* [Assignment]: Please write out, exactly as given, every line of the entries below up to and including the line with "El hecho de".

* [Information supplied]:
● ● ● ●

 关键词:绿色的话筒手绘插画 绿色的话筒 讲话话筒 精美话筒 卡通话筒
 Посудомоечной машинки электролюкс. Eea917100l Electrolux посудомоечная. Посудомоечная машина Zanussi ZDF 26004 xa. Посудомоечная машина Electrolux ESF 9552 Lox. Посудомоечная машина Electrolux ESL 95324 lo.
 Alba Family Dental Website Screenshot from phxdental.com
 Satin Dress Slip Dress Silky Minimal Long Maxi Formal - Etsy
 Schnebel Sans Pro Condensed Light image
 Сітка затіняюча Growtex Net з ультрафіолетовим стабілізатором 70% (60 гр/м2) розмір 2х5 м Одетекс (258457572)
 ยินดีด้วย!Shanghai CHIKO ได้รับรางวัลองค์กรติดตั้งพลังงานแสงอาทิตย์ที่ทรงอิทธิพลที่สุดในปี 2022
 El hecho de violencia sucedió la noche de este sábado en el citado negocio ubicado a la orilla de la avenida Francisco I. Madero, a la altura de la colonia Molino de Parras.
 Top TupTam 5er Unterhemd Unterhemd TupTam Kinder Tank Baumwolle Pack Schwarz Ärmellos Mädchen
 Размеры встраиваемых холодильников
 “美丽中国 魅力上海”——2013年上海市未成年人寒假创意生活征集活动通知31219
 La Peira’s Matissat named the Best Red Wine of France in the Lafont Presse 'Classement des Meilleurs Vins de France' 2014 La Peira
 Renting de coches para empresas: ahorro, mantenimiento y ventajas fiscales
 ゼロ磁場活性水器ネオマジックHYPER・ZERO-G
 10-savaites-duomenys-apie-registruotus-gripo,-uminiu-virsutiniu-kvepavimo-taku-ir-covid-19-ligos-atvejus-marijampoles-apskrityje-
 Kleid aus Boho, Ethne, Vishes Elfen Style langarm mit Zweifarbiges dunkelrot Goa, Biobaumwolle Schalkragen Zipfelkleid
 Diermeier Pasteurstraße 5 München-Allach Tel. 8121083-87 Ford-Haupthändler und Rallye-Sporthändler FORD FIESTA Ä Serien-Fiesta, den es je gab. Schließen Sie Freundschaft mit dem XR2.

● ● ● ●

* [Output of the exercise]:
 关键词:绿色的话筒手绘插画 绿色的话筒 讲话话筒 精美话筒 卡通话筒
 Посудомоечной машинки электролюкс. Eea917100l Electrolux посудомоечная. Посудомоечная машина Zanussi ZDF 26004 xa. Посудомоечная машина Electrolux ESF 9552 Lox. Посудомоечная машина Electrolux ESL 95324 lo.
 Alba Family Dental Website Screenshot from phxdental.com
 Satin Dress Slip Dress Silky Minimal Long Maxi Formal - Etsy
 Schnebel Sans Pro Condensed Light image
 Сітка затіняюча Growtex Net з ультрафіолетовим стабілізатором 70% (60 гр/м2) розмір 2х5 м Одетекс (258457572)
 ยินดีด้วย!Shanghai CHIKO ได้รับรางวัลองค์กรติดตั้งพลังงานแสงอาทิตย์ที่ทรงอิทธิพลที่สุดในปี 2022
 El hecho de violencia sucedió la noche de este sábado en el citado negocio ubicado a la orilla de la avenida Francisco I. Madero, a la altura de la colonia Molino de Parras.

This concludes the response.